==== SOURCE MATERIAL ====

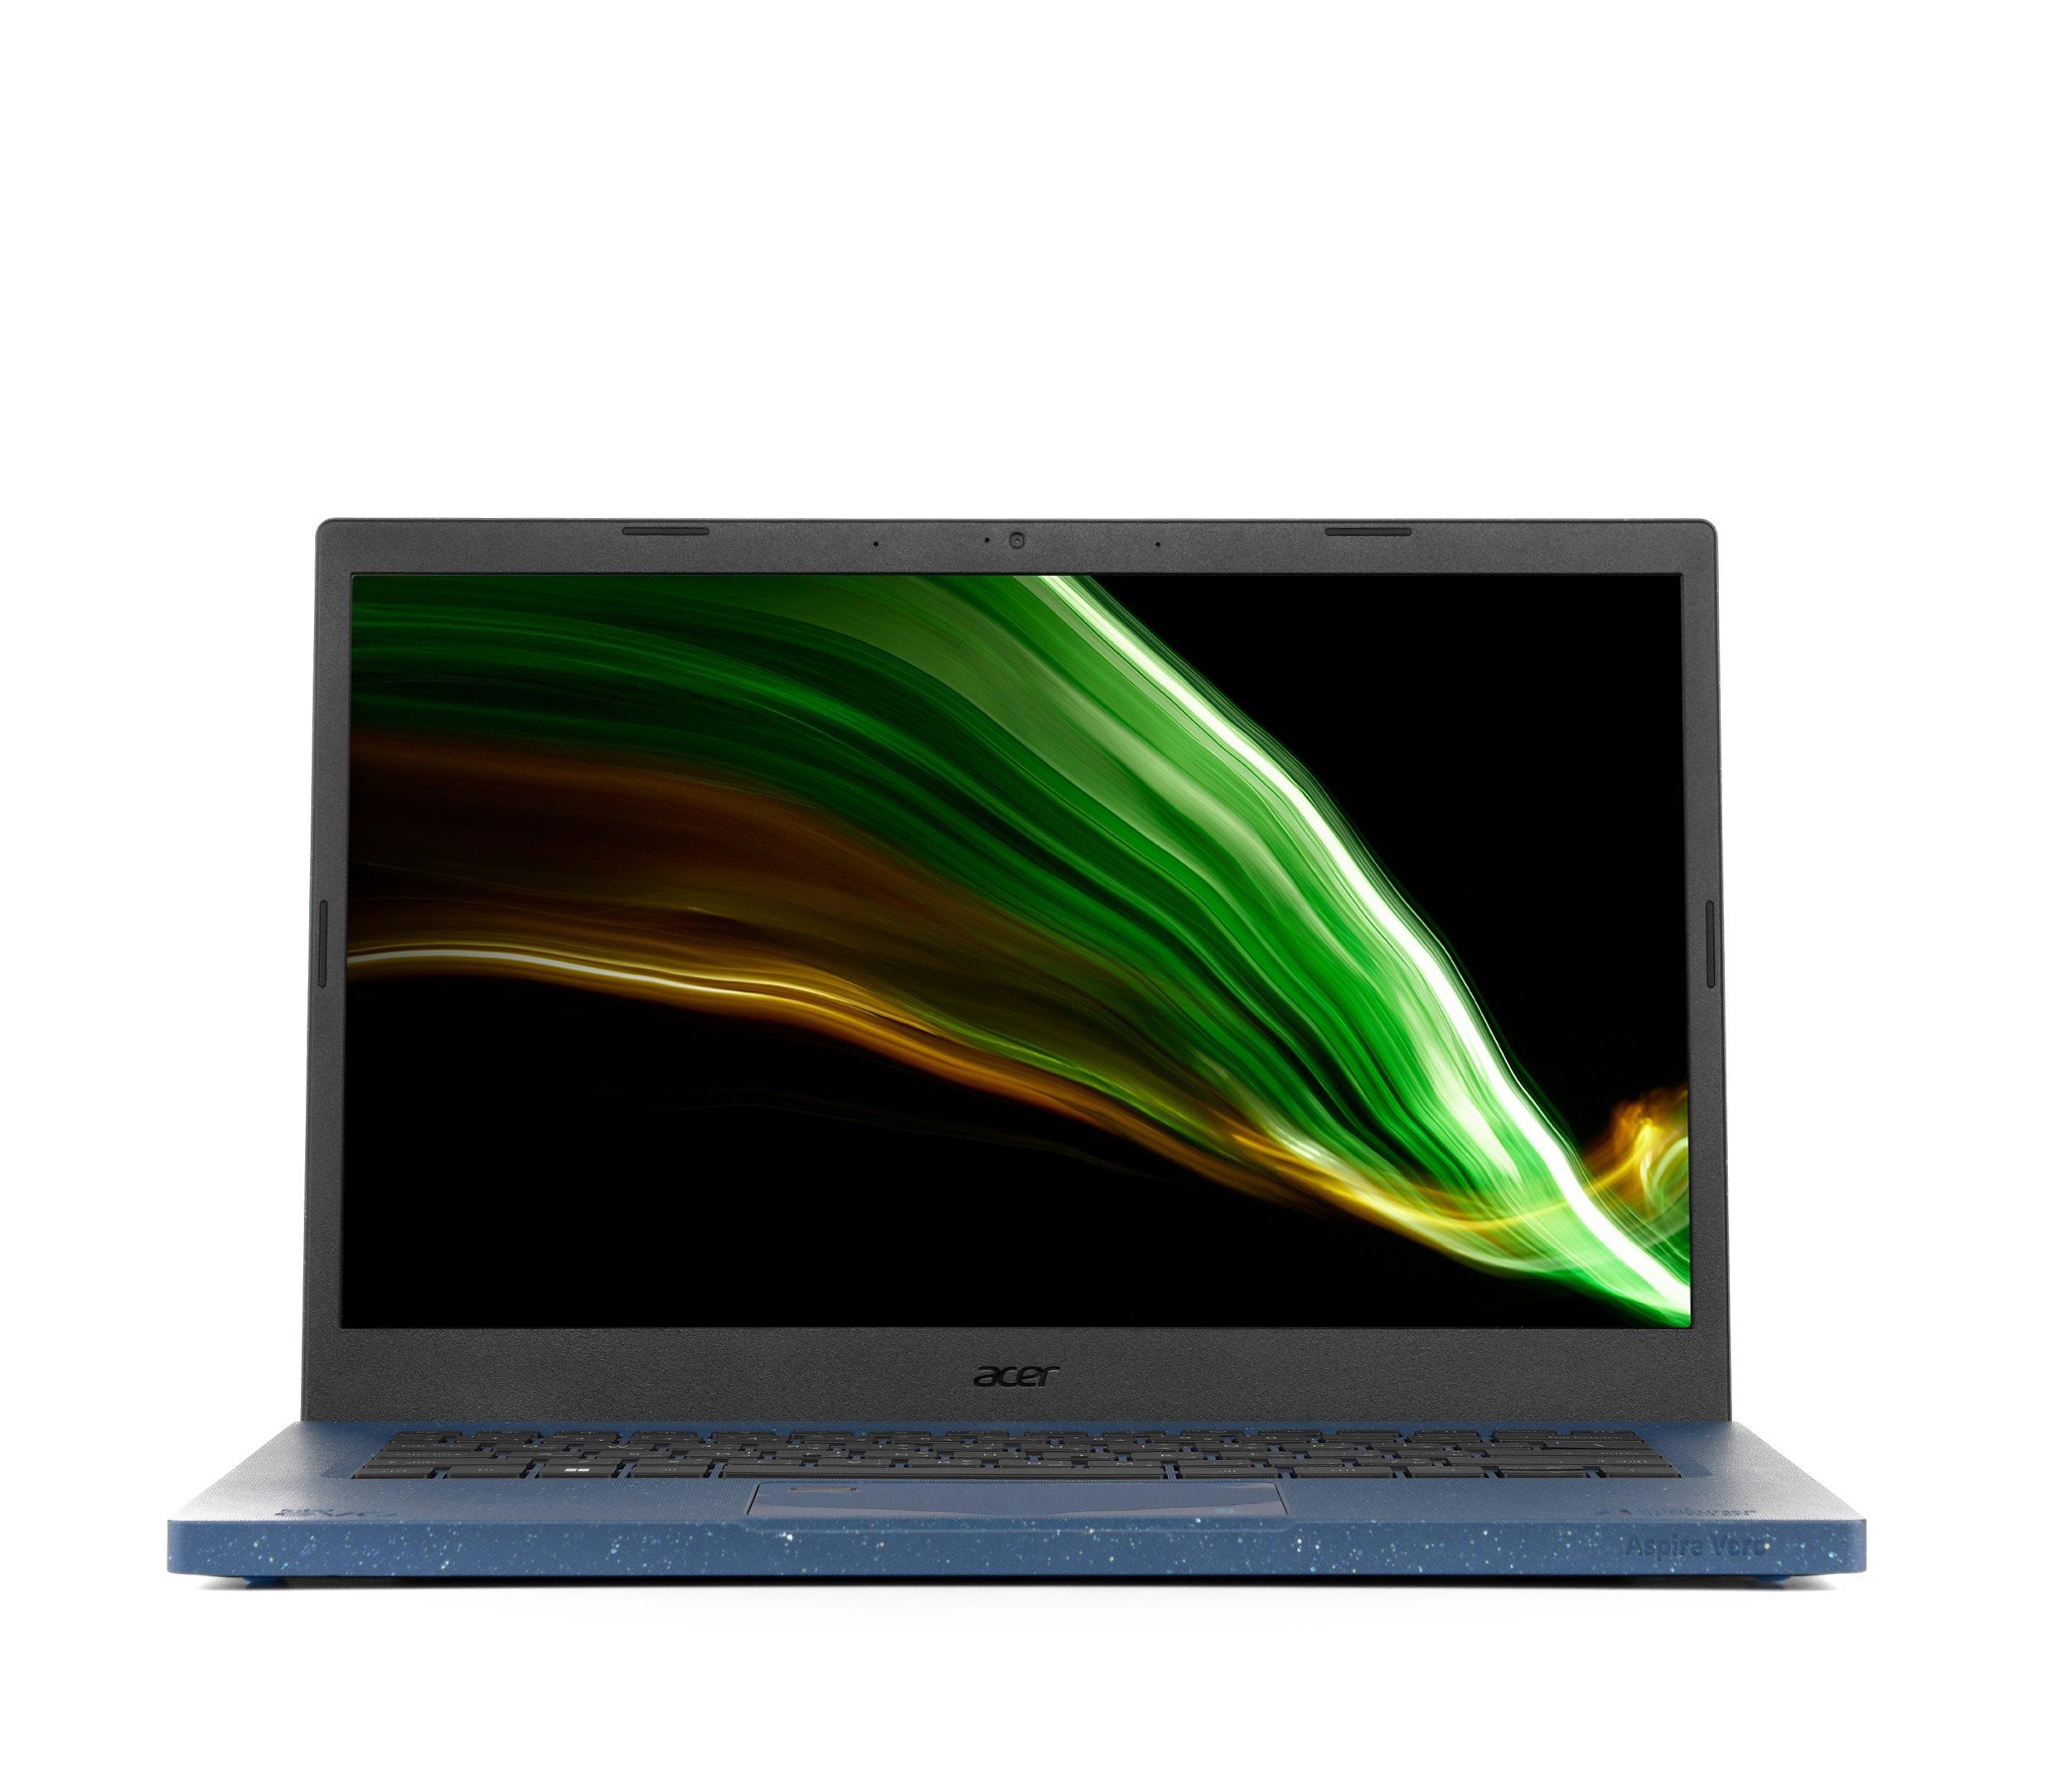 Intel core i5 ноутбук отзывы. Acer a715-42g. Ноутбук игровой Acer Aspire 7 a715-42g-r44j (NH.qdler.004). Acer Aspire 5 a515-56-52mv. Acer Aspire 1 a114-33-p7vd.
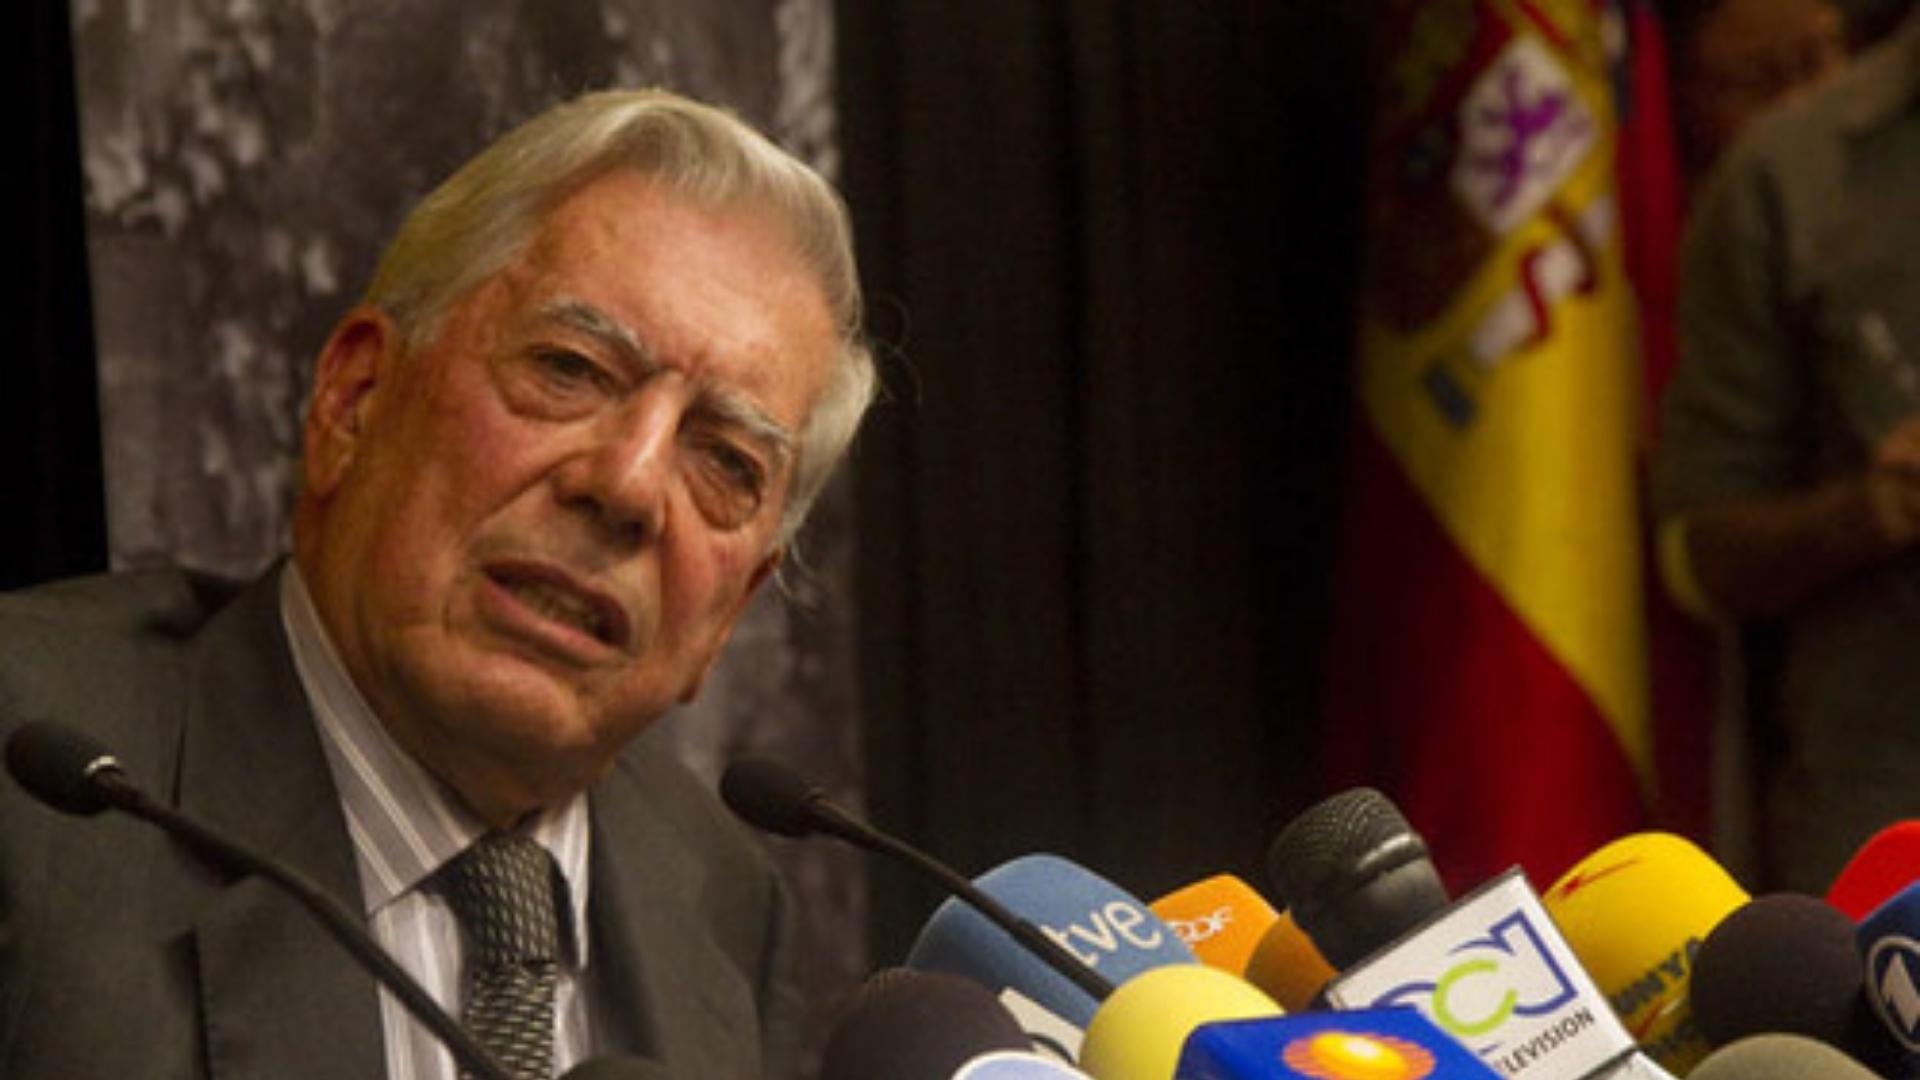 Mario Vargas Llosa quiere volver a una Cuba libre
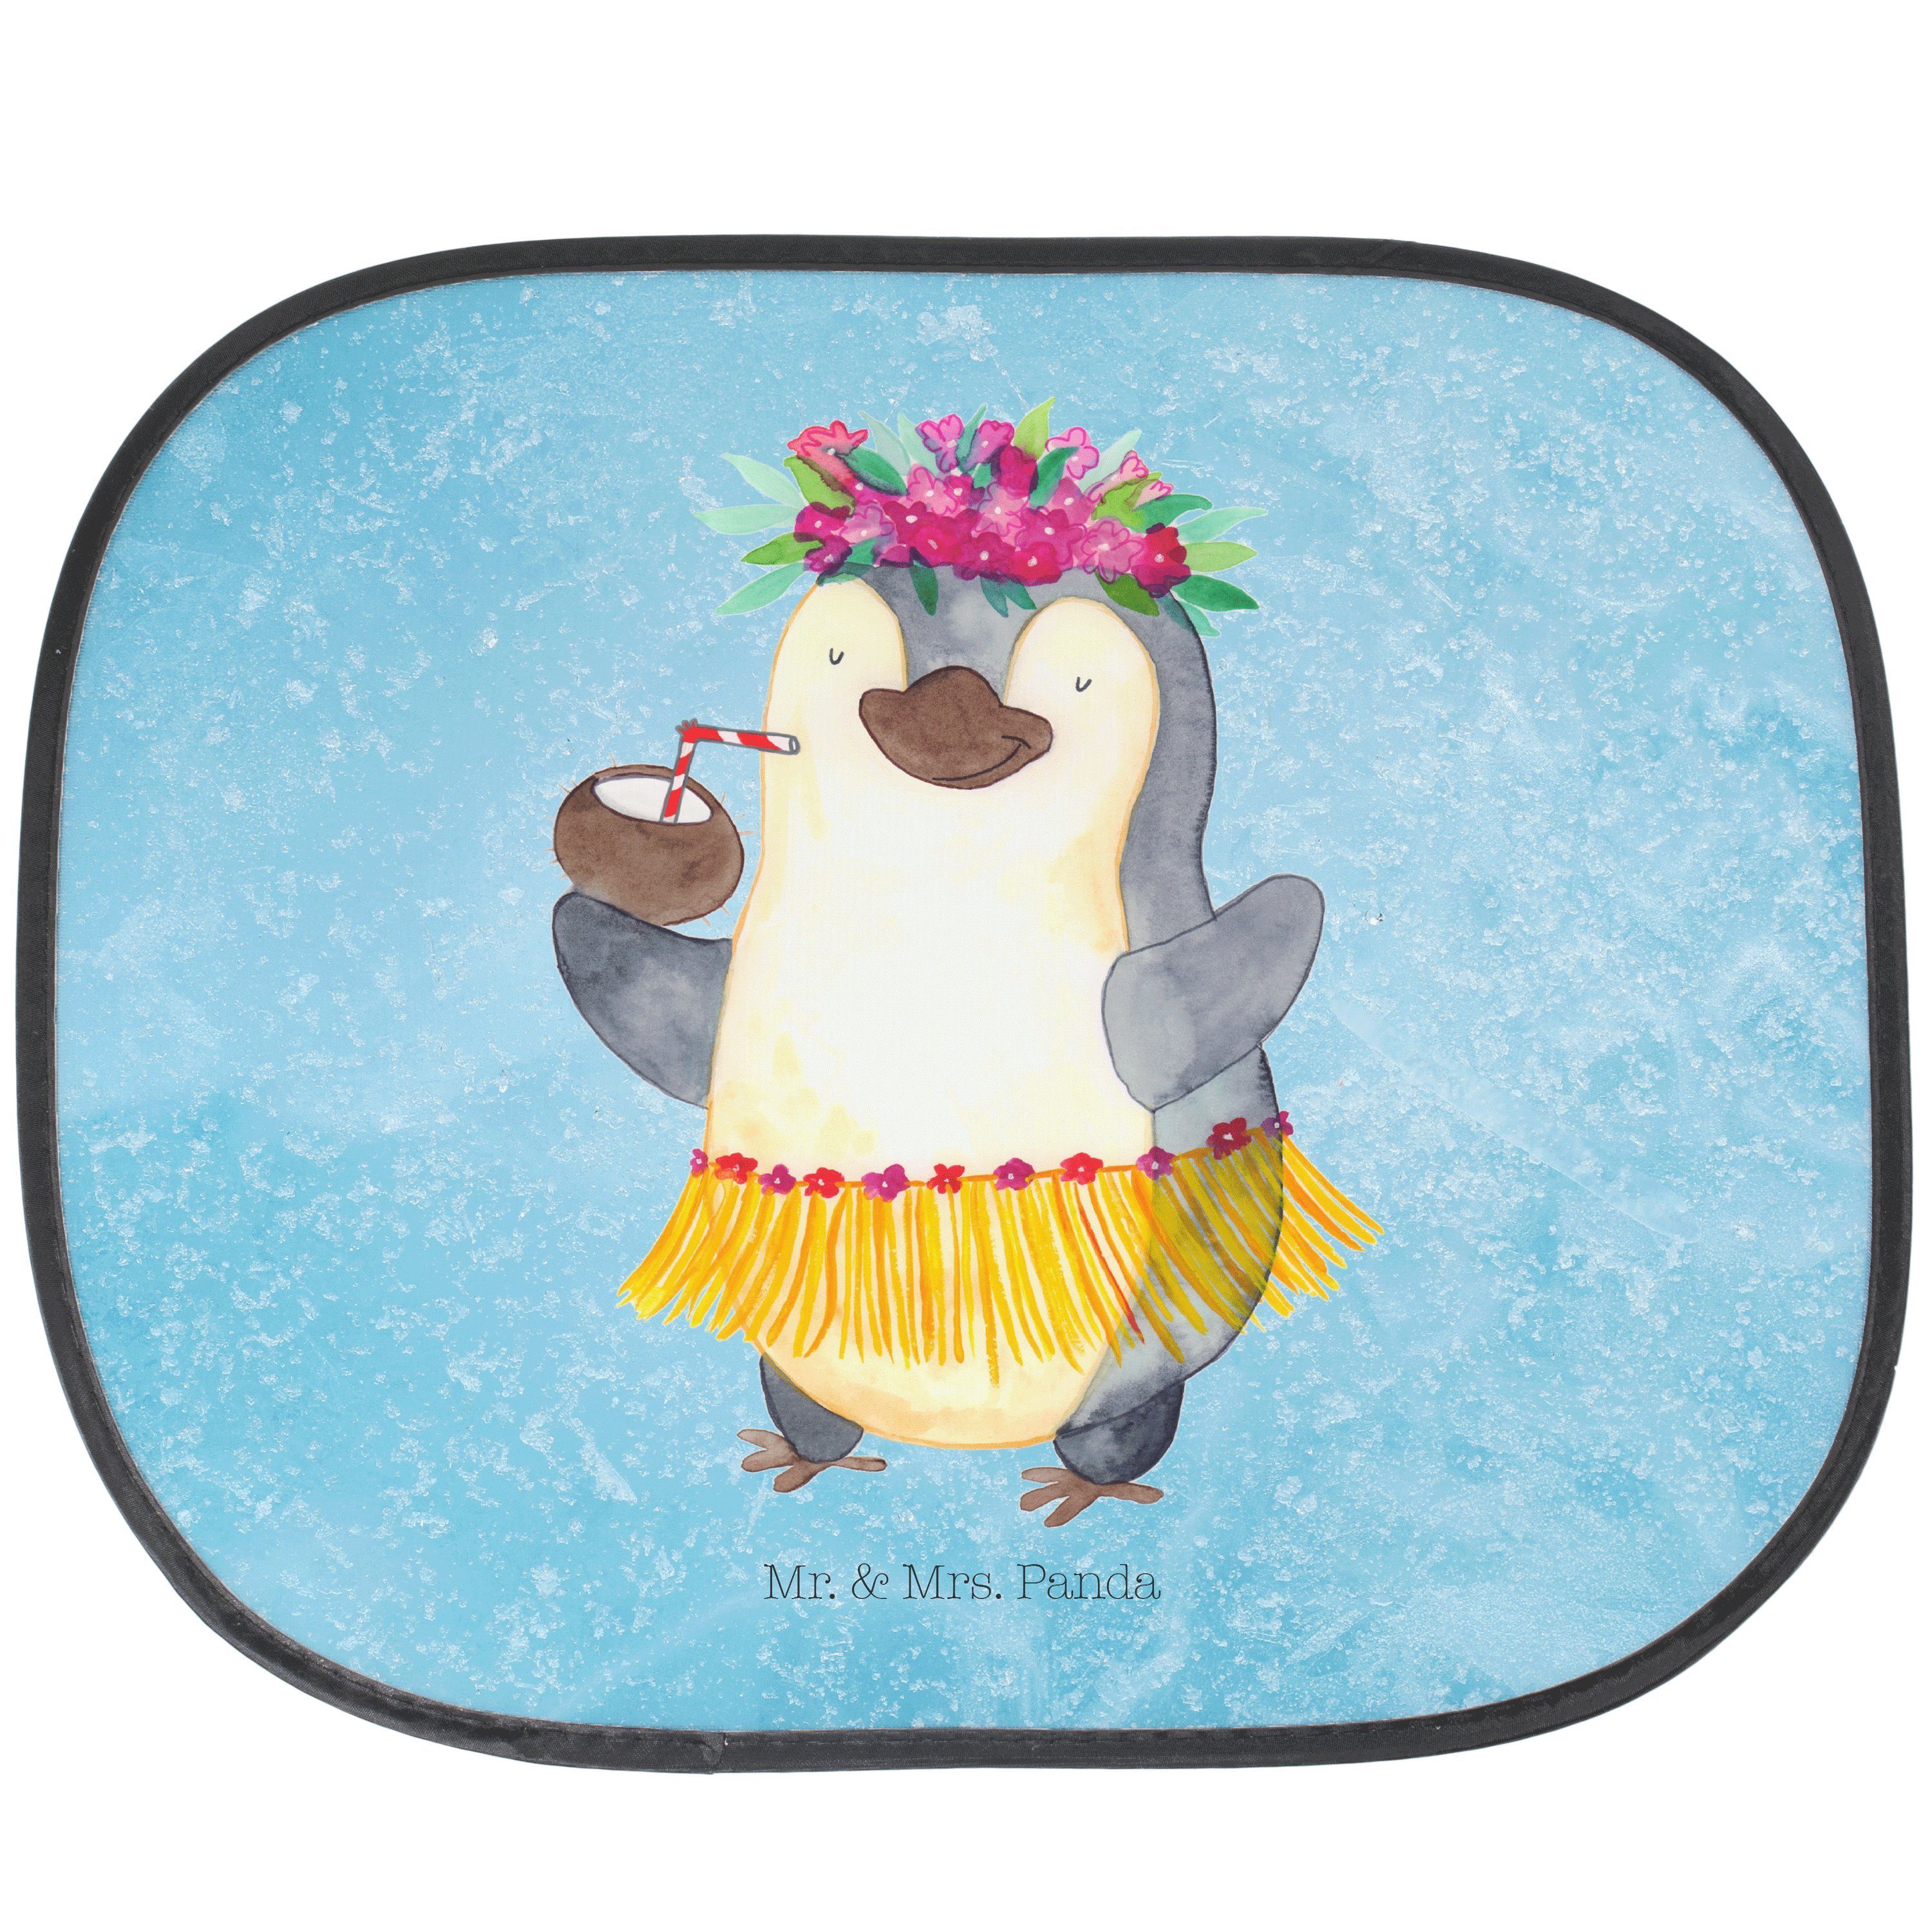 Sonnenschutz Pinguin Kokosnuss - Eisblau - Geschenk, Sonnenschutz Kinder, Pinguine, Mr. & Mrs. Panda, Seidenmatt

====

** EXERCISE GOAL **
Would you retype the material exactly, omitting each picture?

** REPLY TO THE TASK **
 Intel core i5 ноутбук отзывы. Acer a715-42g. Ноутбук игровой Acer Aspire 7 a715-42g-r44j (NH.qdler.004). Acer Aspire 5 a515-56-52mv. Acer Aspire 1 a114-33-p7vd.
 Mario Vargas Llosa quiere volver a una Cuba libre
 Sonnenschutz Pinguin Kokosnuss - Eisblau - Geschenk, Sonnenschutz Kinder, Pinguine, Mr. & Mrs. Panda, Seidenmatt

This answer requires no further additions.